Start of MATERIAL SHOWN

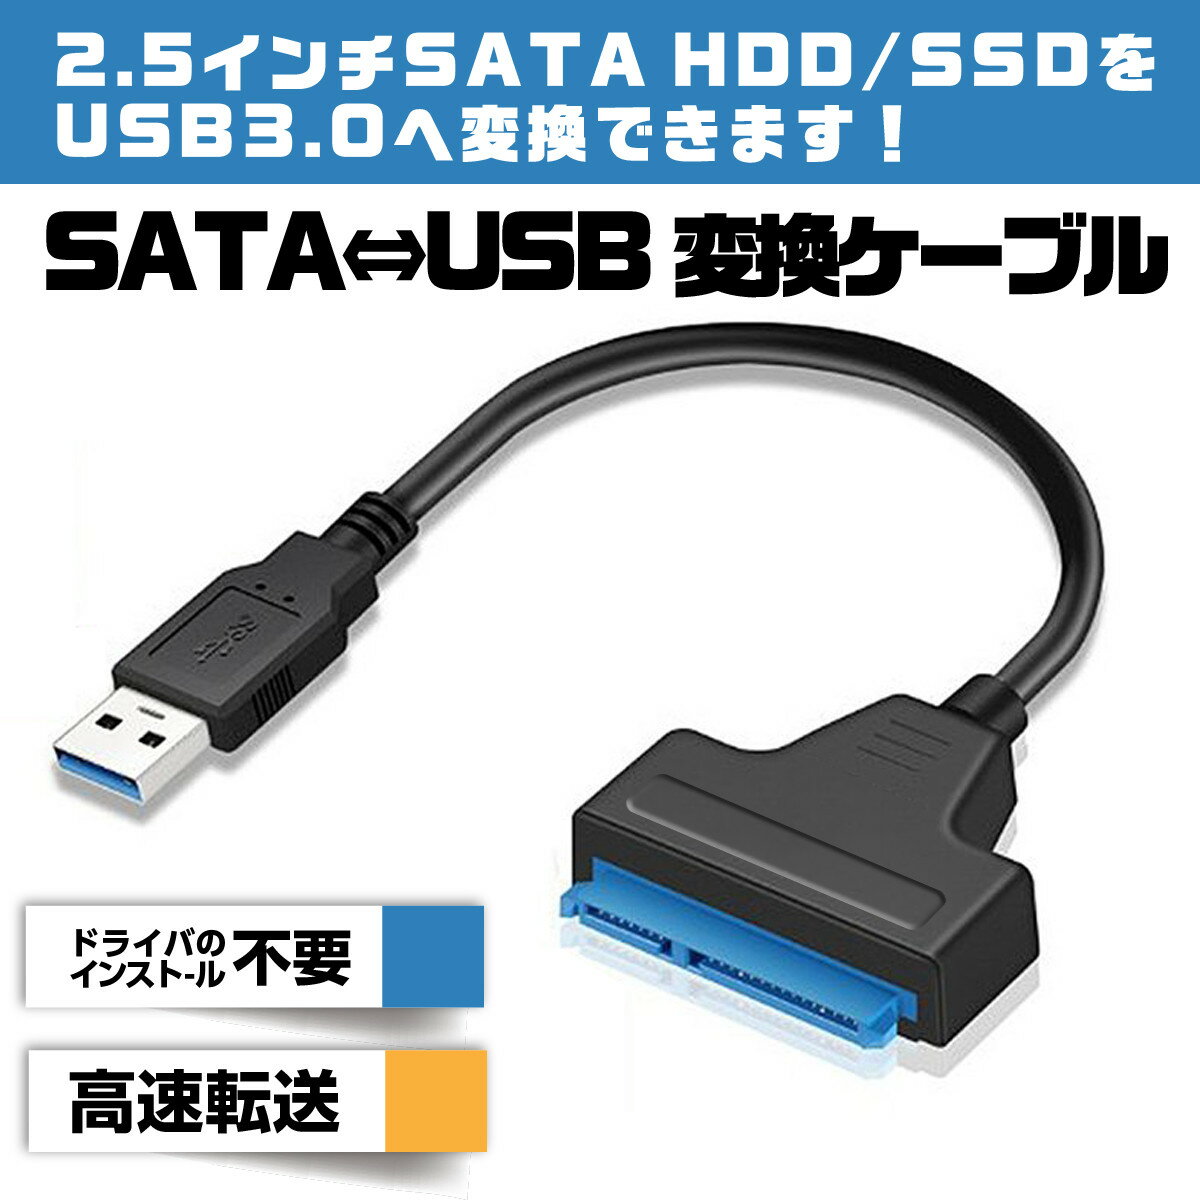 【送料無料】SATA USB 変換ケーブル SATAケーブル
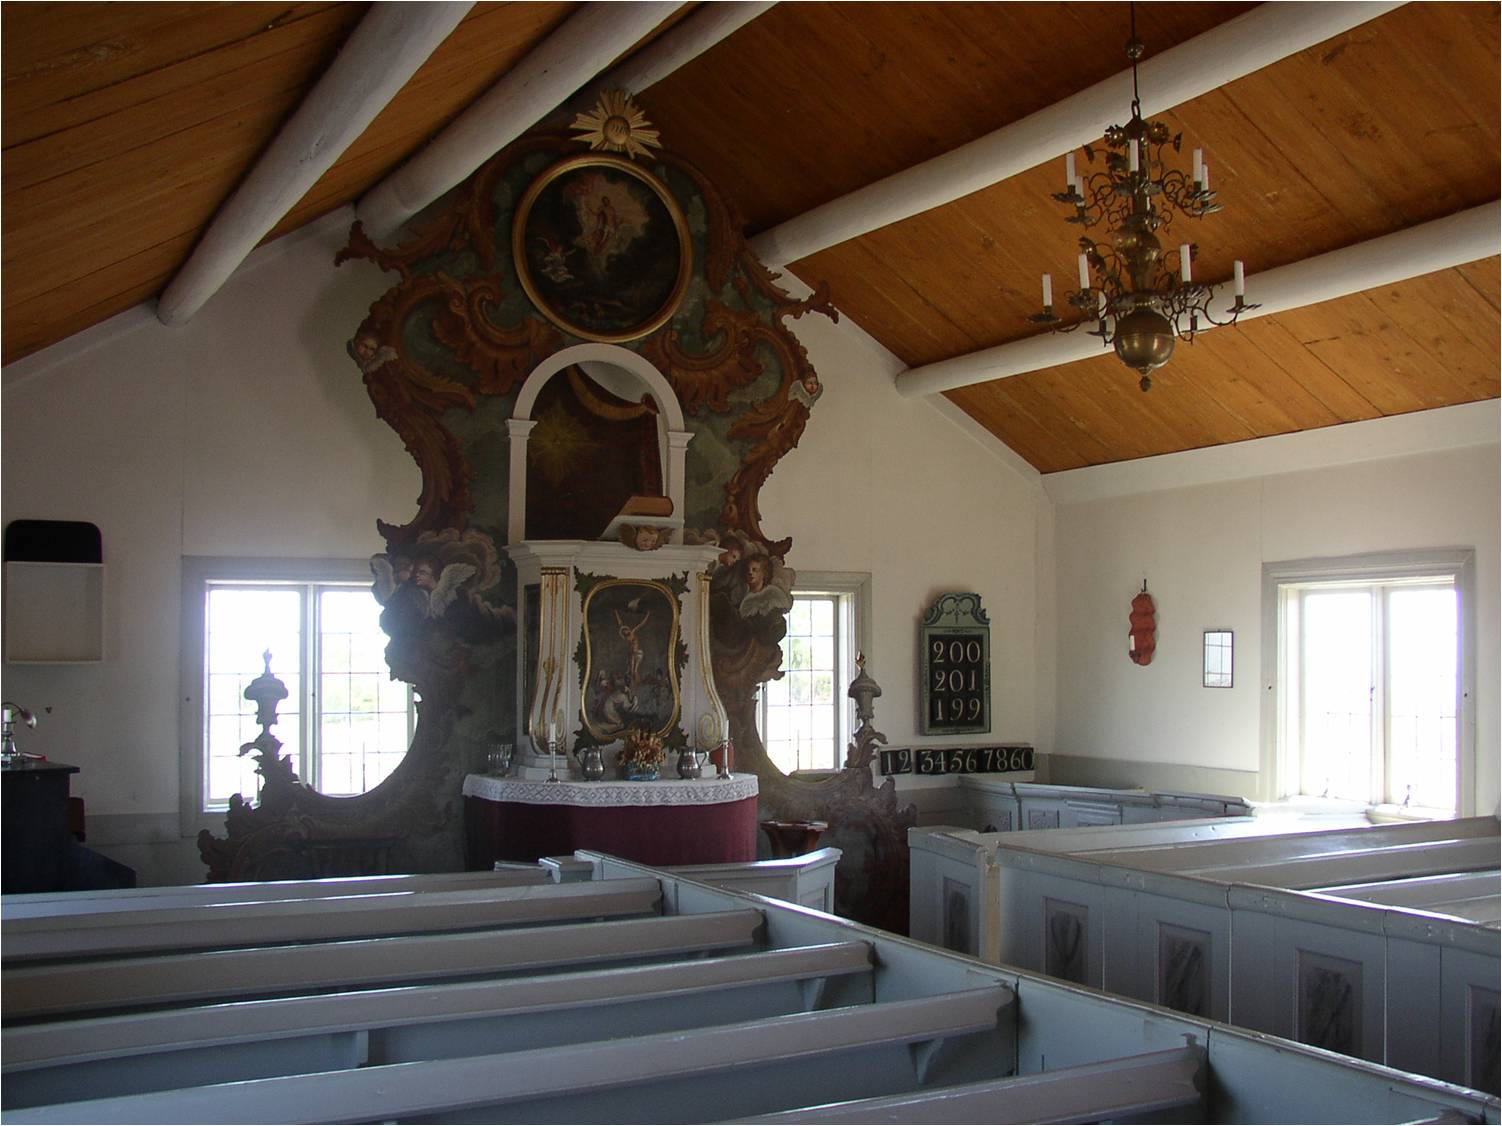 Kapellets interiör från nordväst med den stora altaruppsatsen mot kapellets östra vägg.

End of MATERIAL SHOWN
Start of MATERIAL SHOWN

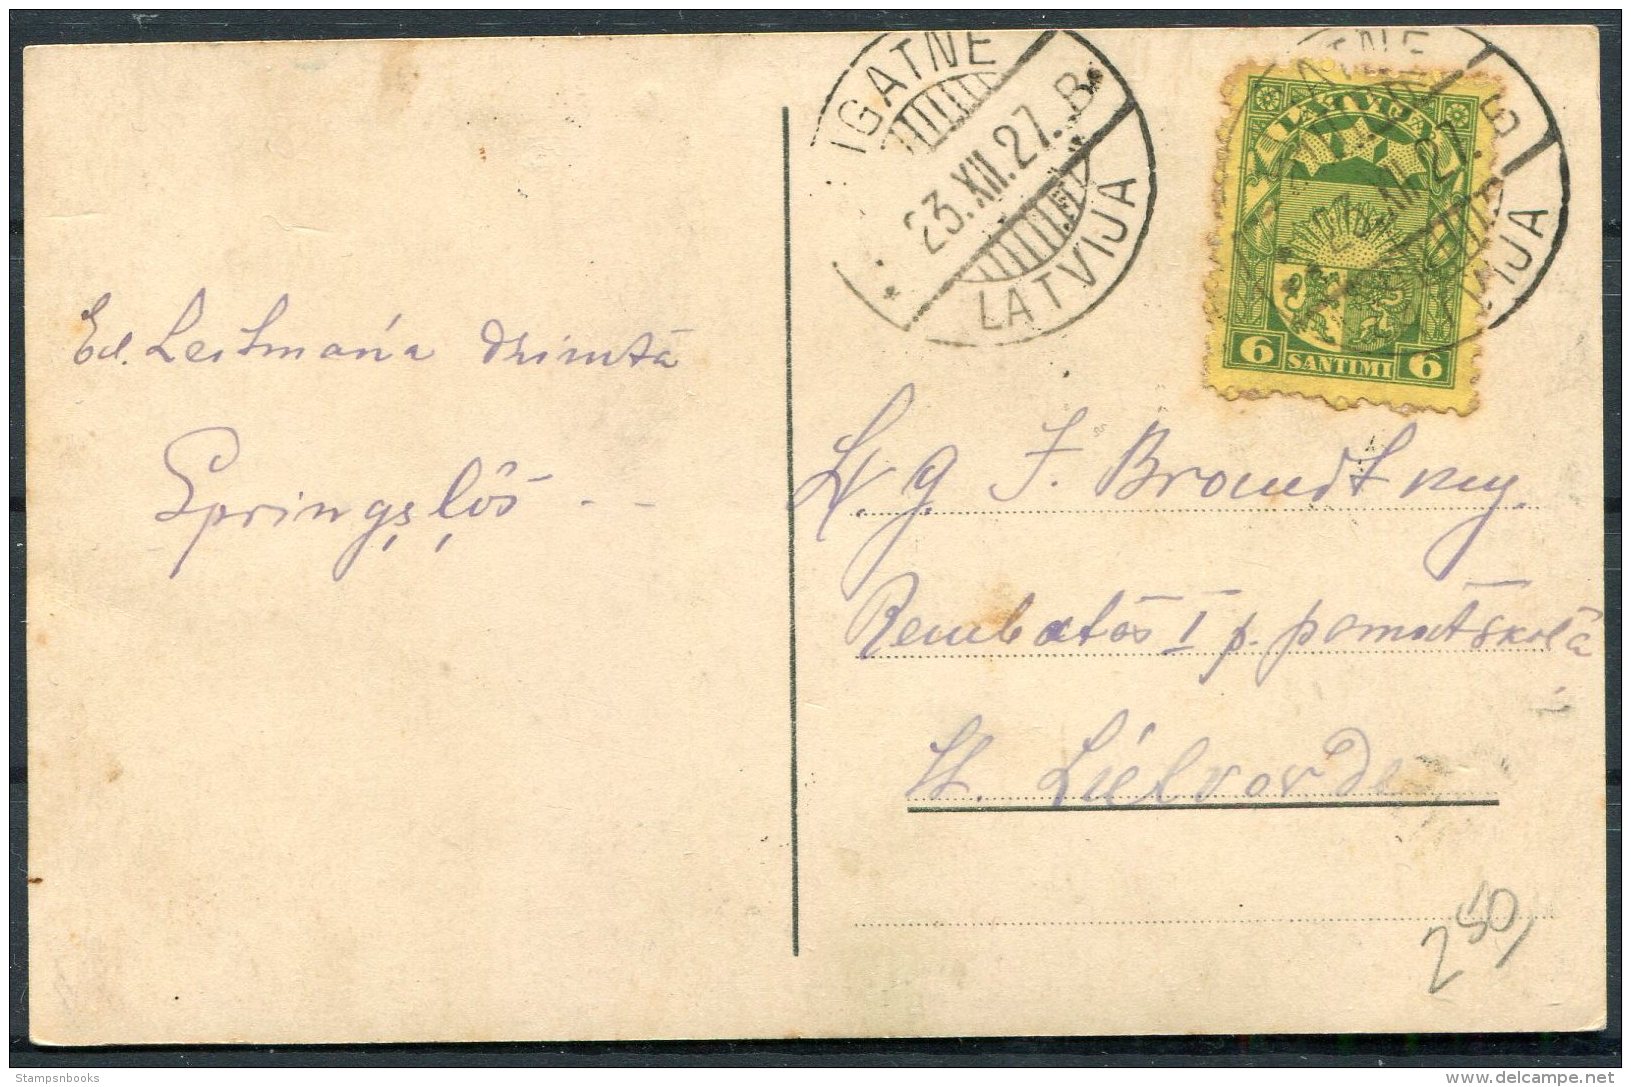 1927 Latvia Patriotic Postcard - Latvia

End of MATERIAL SHOWN

INSTRUCTIONS FOR THE TASK: Using the data above, which lines fall from the one with "USB 変換ケーブル SATAケーブル" through the one with "Kapellets interiör från"? Repeat them exactly, ends included, minus any pictures.

RESULT OF THE TASK:
 【送料無料】SATA USB 変換ケーブル SATAケーブル
 Kapellets interiör från nordväst med den stora altaruppsatsen mot kapellets östra vägg.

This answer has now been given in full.